Traditionally, memory enhancement has been studied behaviorally (memory precision and persistence) or by means of BOLD activation levels in specific brain regions. Here, using an after-effect whole brain network analysis, we show that reconsolidation imprint a more connected network compared with memories that were retrained or untreated. For the first time, we found a novel method to elucidate the neural footprint associated with a critical feature of memory reconsolidation.

Materials and Methods

Participants

Seventy-seven healthy undergraduate and graduate students from Buenos Aires University volunteered for the study (42 women). Their ages ranged from 18 to 35 years. Forty-three subjects participated in the behavioral study, and thirty-four subjects were evaluated in an fMRI scanner. All participants had to reach fifty percent of correct responses at training. The data from 24 subjects were excluded from analysis because they did not reach the learning level (nine), because they did not finish the entire experiment (ten), or because they moved during scan acquisition (five). The criterion used for movement tolerance was up to 2 mm, which corresponds to the size of half a voxel of the original acquisition dimensions.

Before their participation, all subjects signed a written informed consent form. Both the protocol and the consent were previously approved by the Ethics Committee of the Fundación para la Lucha contra las Enfermedades Neurológicas de la Infancia (FLENI) in accordance with the Declaration of Helsinki.

Experimental Design

We adapted the protocol performed in Forcato et al.[26]. The experiments consisted of three sessions, Fig. 5. The first two sessions were separated by 48 hours. The final session was assessed five or fifteen days after the first session. On day 1, subjects learned a list of picture-word associations (Training). The session on day 3 consisted of the presentation of three different types of reminders of the learned list (Reactivation).

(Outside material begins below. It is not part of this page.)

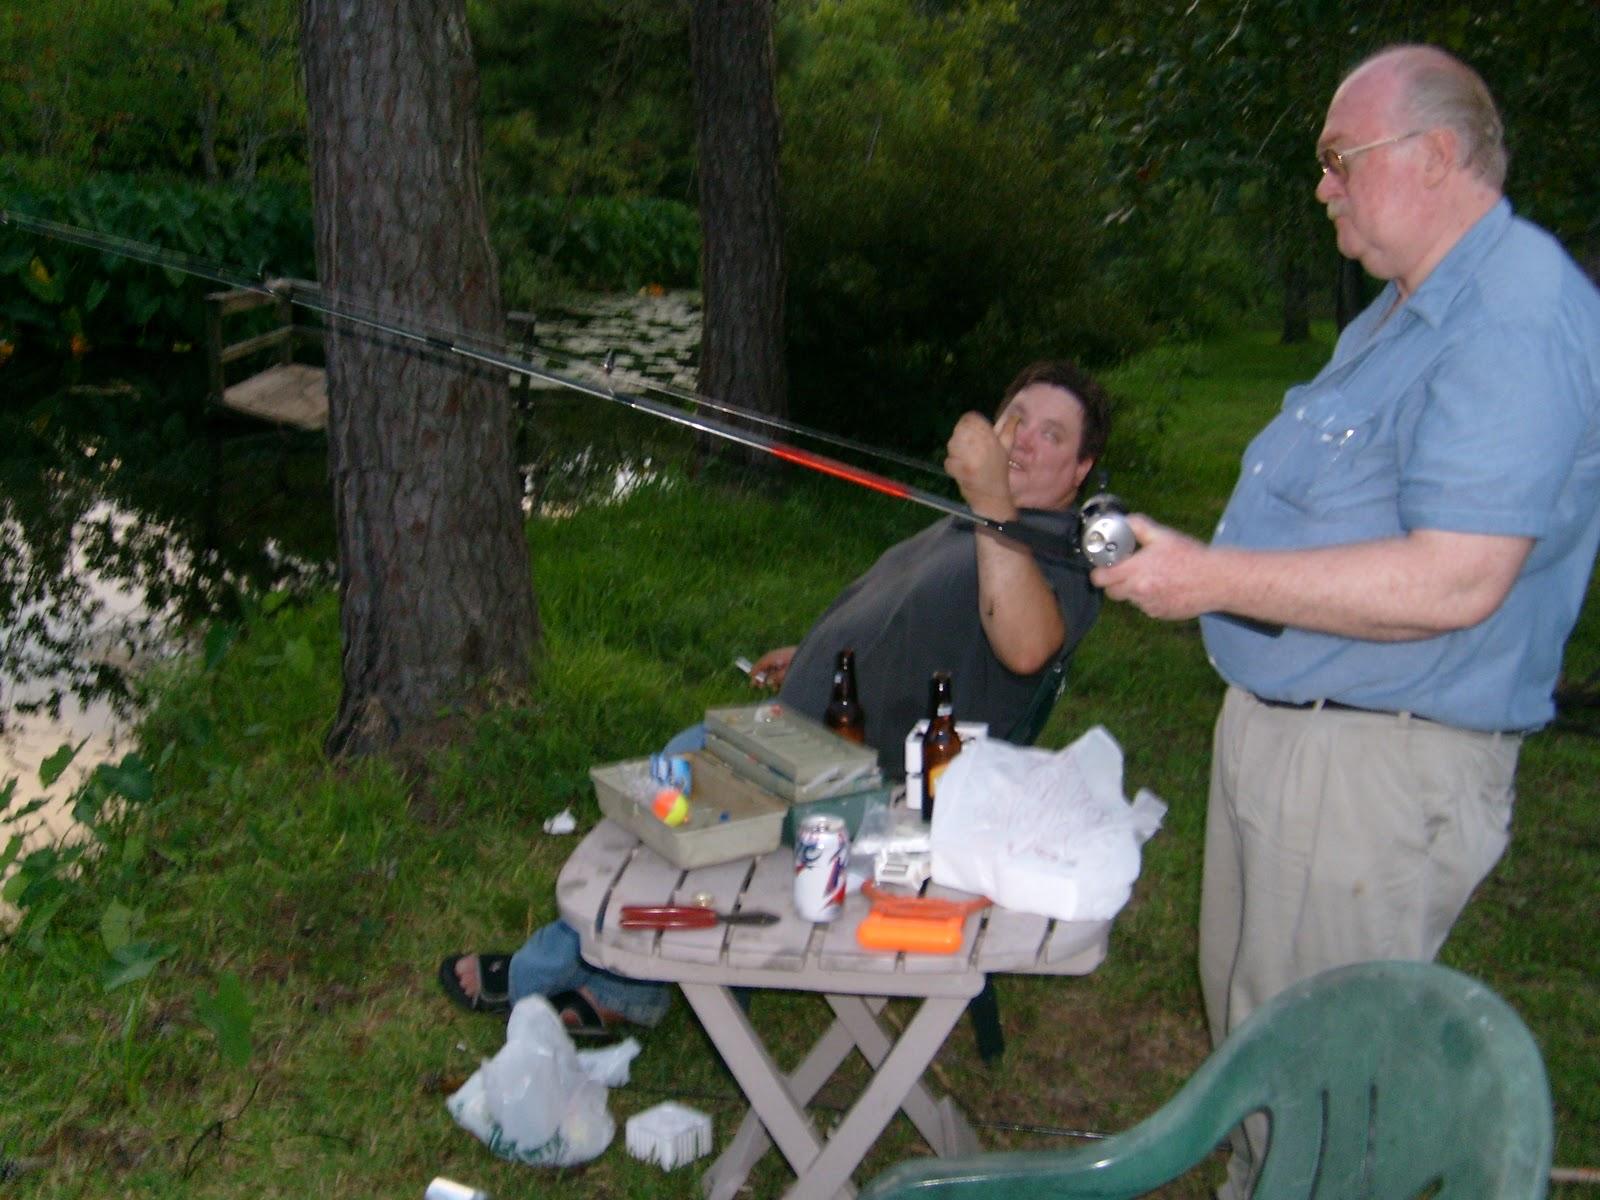 Dads Birthday Party - S7300229.JPG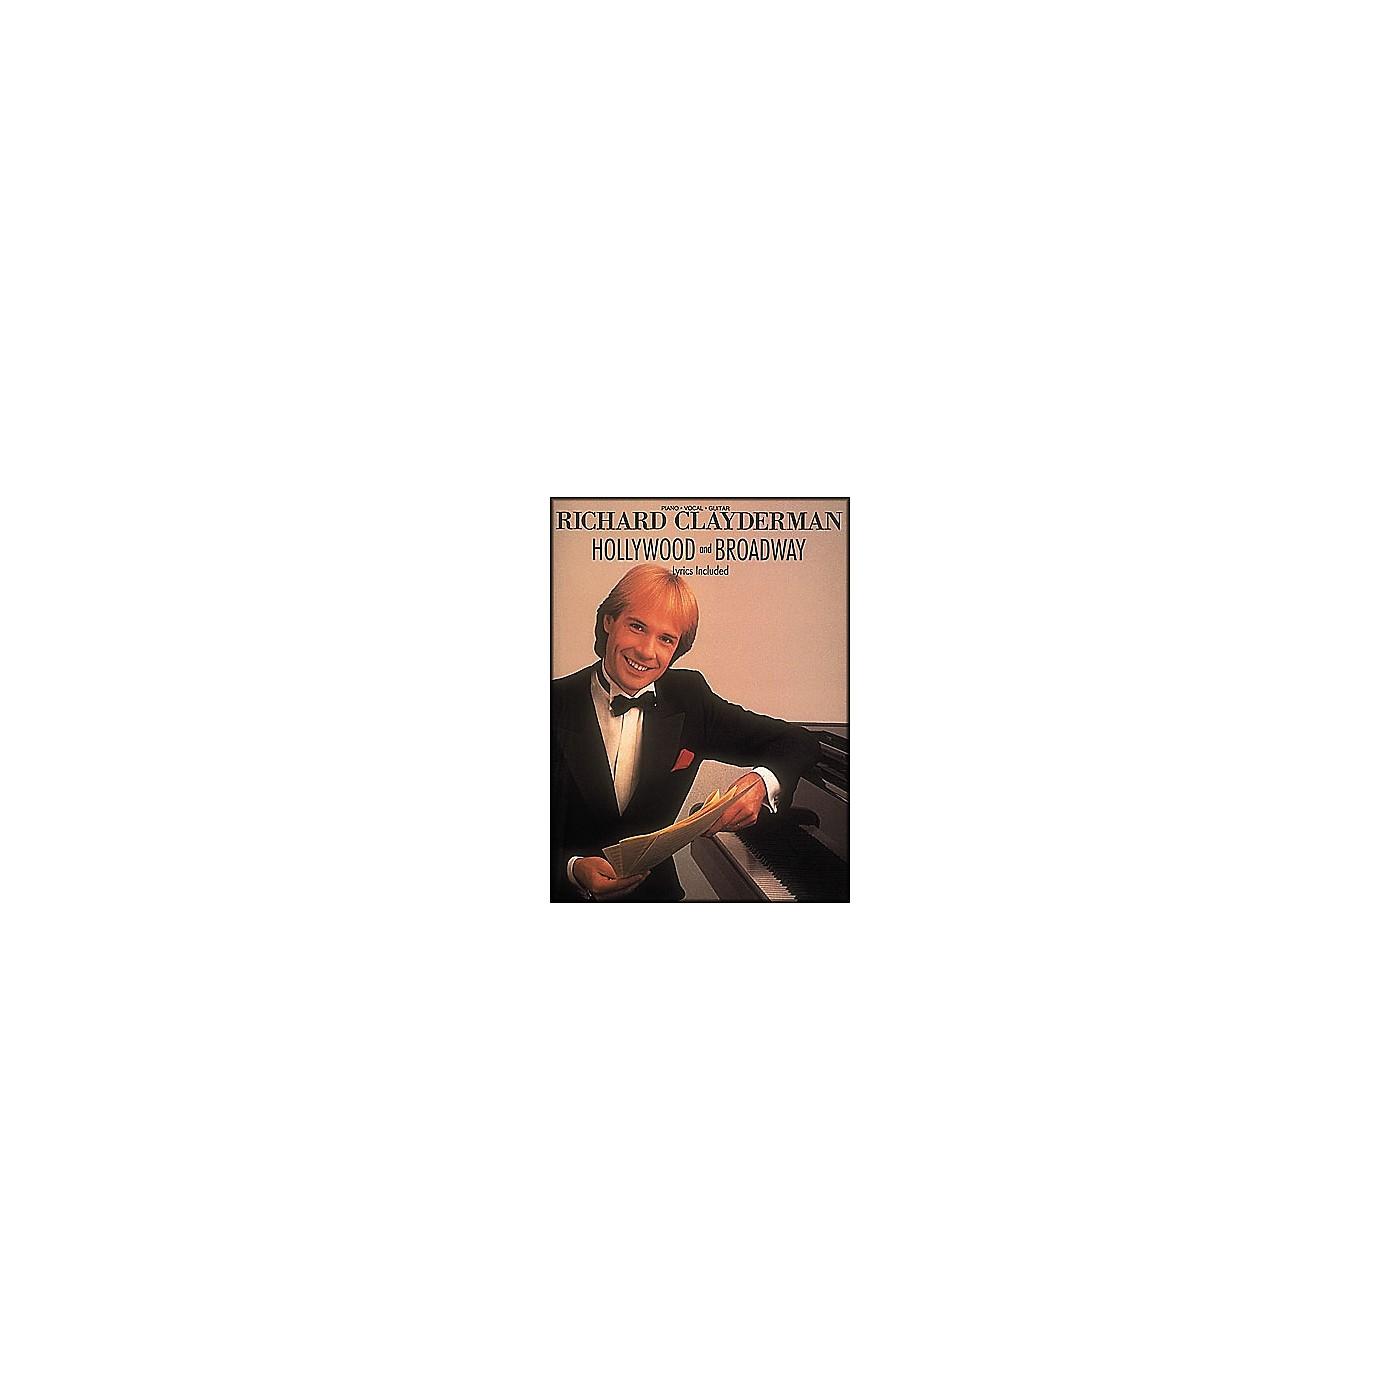 Hal Leonard Richard Clayderman - Hollywood & Broadway arranged for piano solo thumbnail

On day 5 or 15, all subjects were tested (Testing). The responses were quantified according to the type of reminders.

Figure 5

Experimental Design. Training Session. (Upper-left panel) The presentation of each image is followed by the presentation of the image plus the associated word. Once the 36 image-word pairs were shown each image appeared followed by the image plus the first syllable of the associated word. Then, to complete the word, 4 options were given at the bottom of the screen. Reactivation Session. (Left-bottom panel) There were three reminder conditions. Both the cue reminder (Rc) and the word reminder (Rw) displayed the picture, the Rc condition superimposed the picture with the first syllable (incomplete reminder) and the Rw superimposed the entire word (complete reminder). The third condition was the no reminder one (Nr), neither the picture nor the word was shown. Testing Session. (Right panel) In the behavioral experiment, participants had to say the associated word aloud during the presentation of each image. In the fMRI experiment, the testing session consisted of the presentation of the 36 picture followed by a microphone image symbolizing the moment to respond the word associate aloud; interspersed with the learned pictures we included control images showing two sets of lines where the participant had to answer if the two sets were different or equal. Photos of fire woods http://miro.openphoto for http://openphoto.net/ and flowers http://miro.openphoto for http://openphoto.net/ were taken from https://openphoto.net/ a free copyright’s photo bank. These images are shared under a CC-BY Share Alike license (https://creativecommons.org/) and were not modified.

Learning task

The learning task consisted of associating 36 pictures with 36 Spanish words (i.e., a picture of sky associated with the word “PALOMA”, pigeon). The words were nouns with three syllables and six letters. Each word started with a different syllable. The picture-word pairs (items) were not directly related in a semantic dimension, and they did not share the same category. The pictures and the words were the same as those used in Forcato et al.[26].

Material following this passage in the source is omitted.